Was CIOs von ihnen halten

Thesen für 2021 im Kreuzfeuer

11.01.2012 von Thomas Pelkmann
Das CIO-Magazin hat IT-Experten gefragt, wie sie sich das Jahr 2021 vorstellen. Anschließend bewerteten CIOs diese Zukunftsprognosen. Eine Bilanz.
An Thesen für das Jahr 2021 mangelte es nicht.
Foto: Rene Schmöl

Im Jahr 2011 hat das CIO-Magazin seinen 10. Geburtstag gefeiert. Das Jubiläum war aber nicht nur Anlass für Rückblicke auf zehn Jahre Magazin, Website, Events und Community. Mit dem Jahrbuch 2011 und der Veranstaltung Ten Years Ahead war der Geburtstag auch Ausgangspunkt für einen Ausblick nach vorne. Insgesamt 38 IT-Manager und CIOs großer deutscher Unternehmen haben in dem Jahrbuch Wetten auf die Zukunft abgeschlossen. Im Rahmen der 10-Jahres-Feier des CIO-Magazins Ende September in Bonn präsentierten die Wettpaten ihre Prognosen einem interessierten Fachpublikum. Wir dokumentieren die wichtigsten Wetten und Kommentare.

Alles bleibt anders

Das Aussterben der Floppy-Disk ist nicht unbedingt der Gegenbeweis zur These von Rainer Janßen, nach der alles bleibt, wie es schon heute ist.
Foto: Kevin Largent - Fotolia.com

Auf den ersten Blick konterkariert die These von Rainer Janßen alle anderen Vorhersagen auf die Zukunft: Der CIO der Münchner Rück prognostizierte, dass in zehn Jahren alle heute eingesetzten Technologien weiter im Rennen sein werden. Janßen begründet seine These mit der Rückschau auf die vergangenen Jahre. So stehe SOA "angeblich für Service Oriented Architecture", meint Janßen. "Manche Kollegen sagen allerdings auch, es steht für ‚Same Old Architecture’".

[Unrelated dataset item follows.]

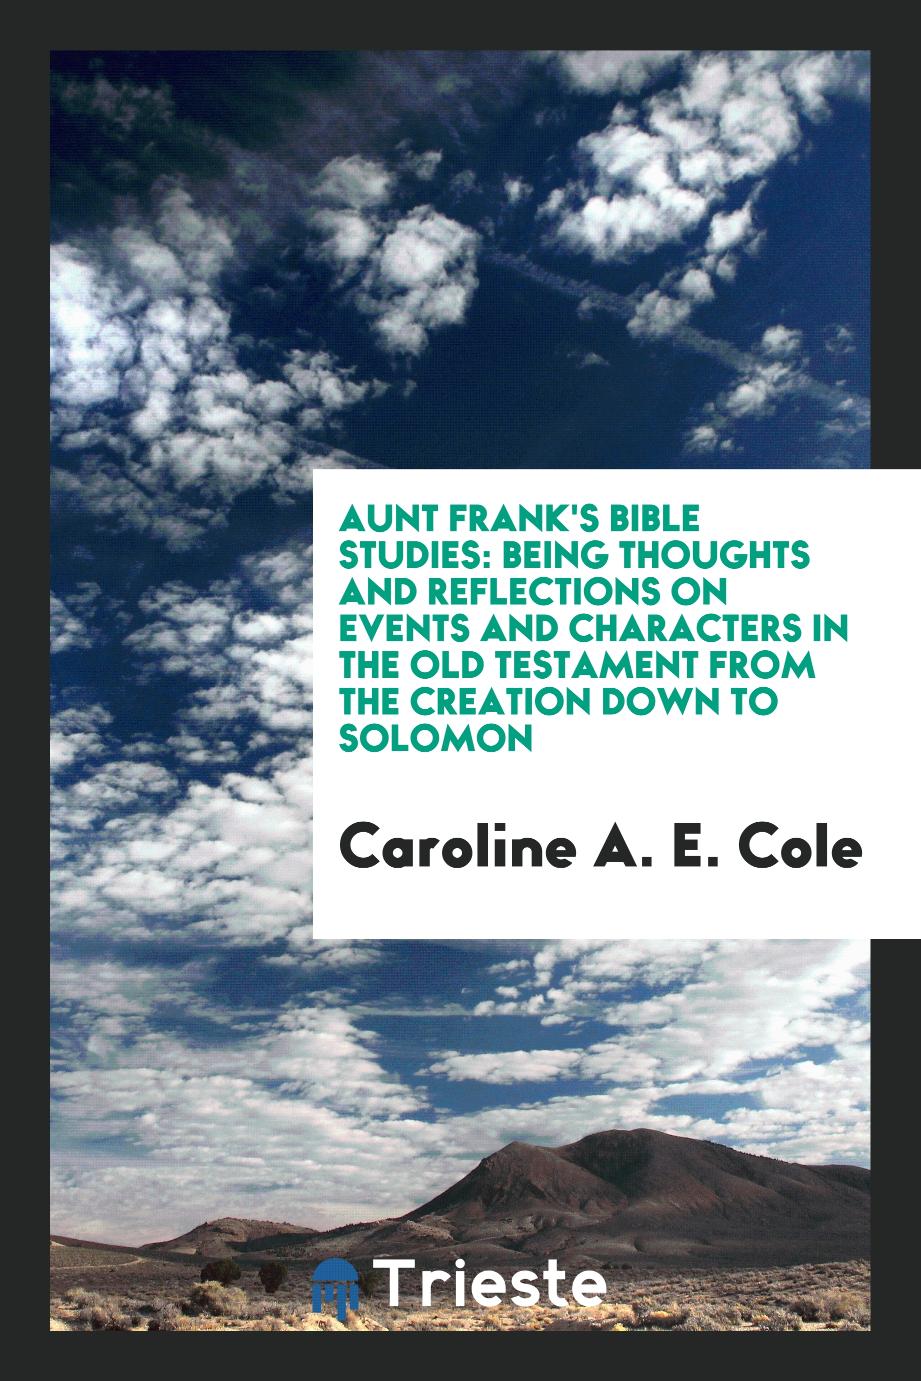 Aunt Frank's Bible Studies: Being Thoughts and Reflections on Events and Characters in the Old Testament from the Creation down to Solomon

Auch wenn die technischen Mittel vielleicht neu und anders sein mögen: "Ansätze zur modularen Programmierung wurden schon vor 35 Jahren formuliert, später mit objektorientierter Programmierung umformuliert und mit technischen Konzepten wie Remote Procedure Call unterlegt."

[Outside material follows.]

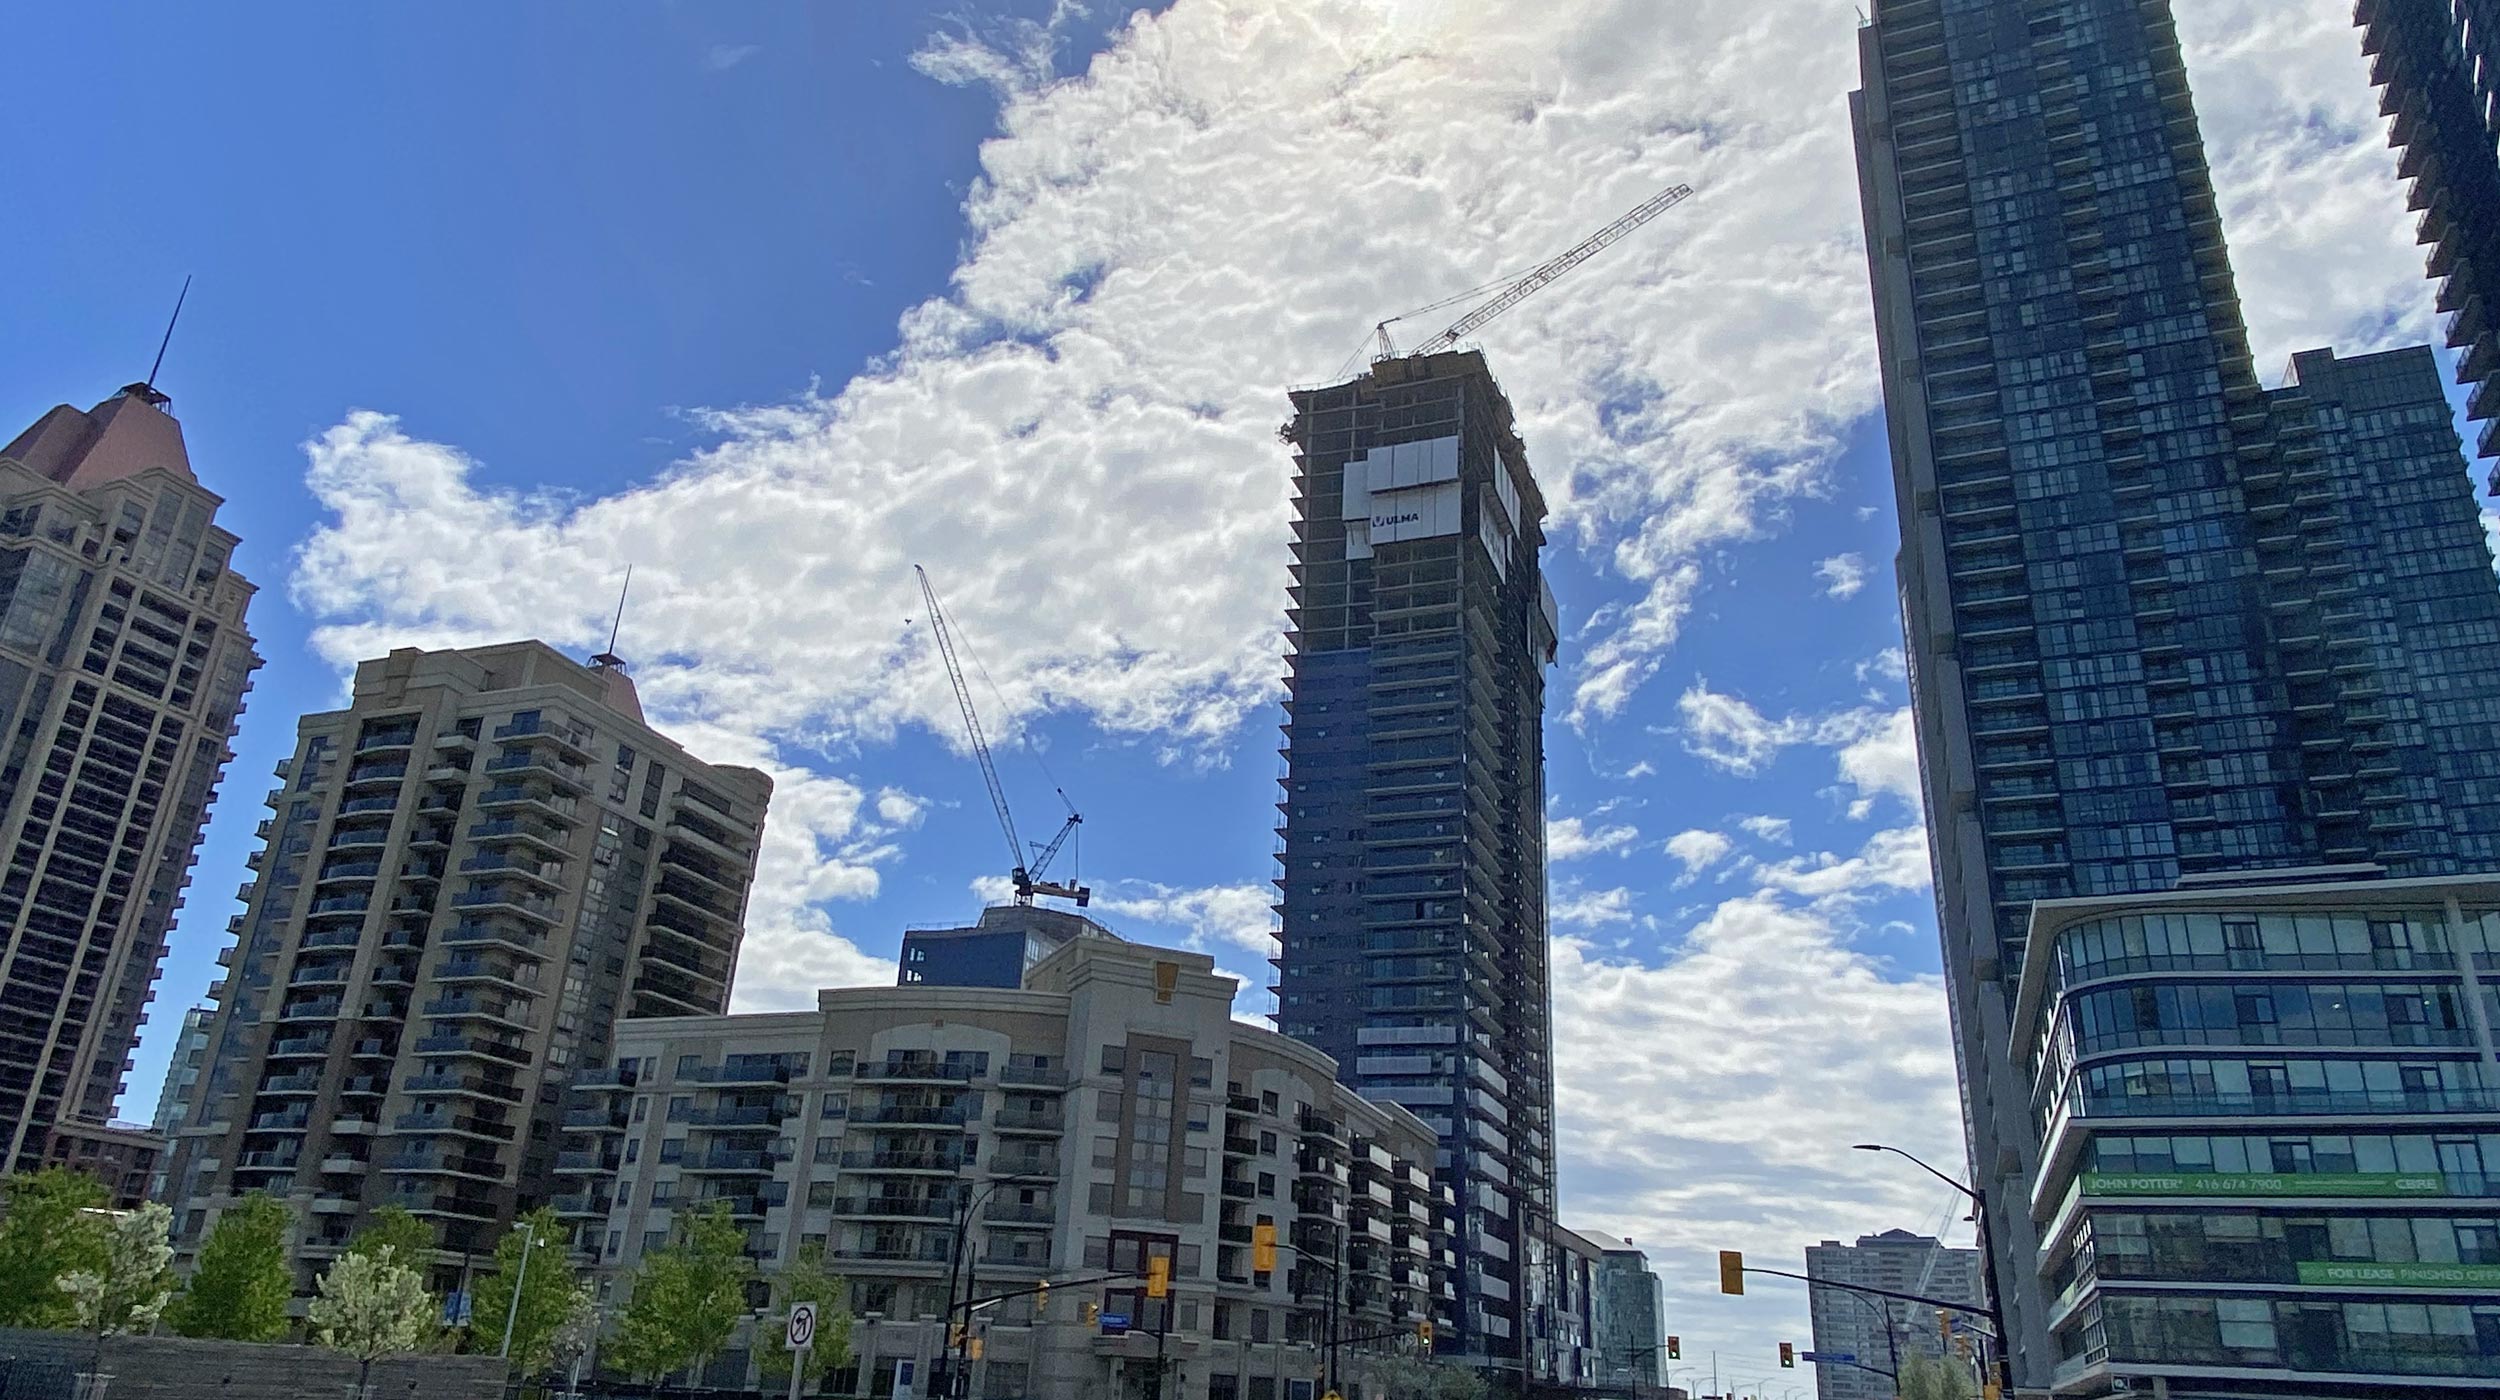 This project consists of two towers, a 43 story and 20 story with 3 levels of shared underground parking, with stunning views, sophisticated features, and amenities.

Janßen rät seinen Kollegen zur Entspannung, wenn Berater immer wieder von Hypes, Megatrends und schon bald anstehenden Paradigmenwechsel sprechen. "Schicken Sie den Kollegen unaufgeregt auf die Suche nach unserem IT-Nessie und trinken Sie lieber einen Single-Malt-Scotch."

Die Wette des Munich Re-CIOs spaltete die Kollegenrunde in Bonn: Keine andere Prognose bekam mehr Zustimmung, keine andere erfuhr aber zugleich auch mehr Ablehnung. "Hoffentlich nicht", meinte einer kritisch, während ein anderer zumindest in den kommenden zehn Jahren auf die Ablösung seiner Legacy-Systeme hofft.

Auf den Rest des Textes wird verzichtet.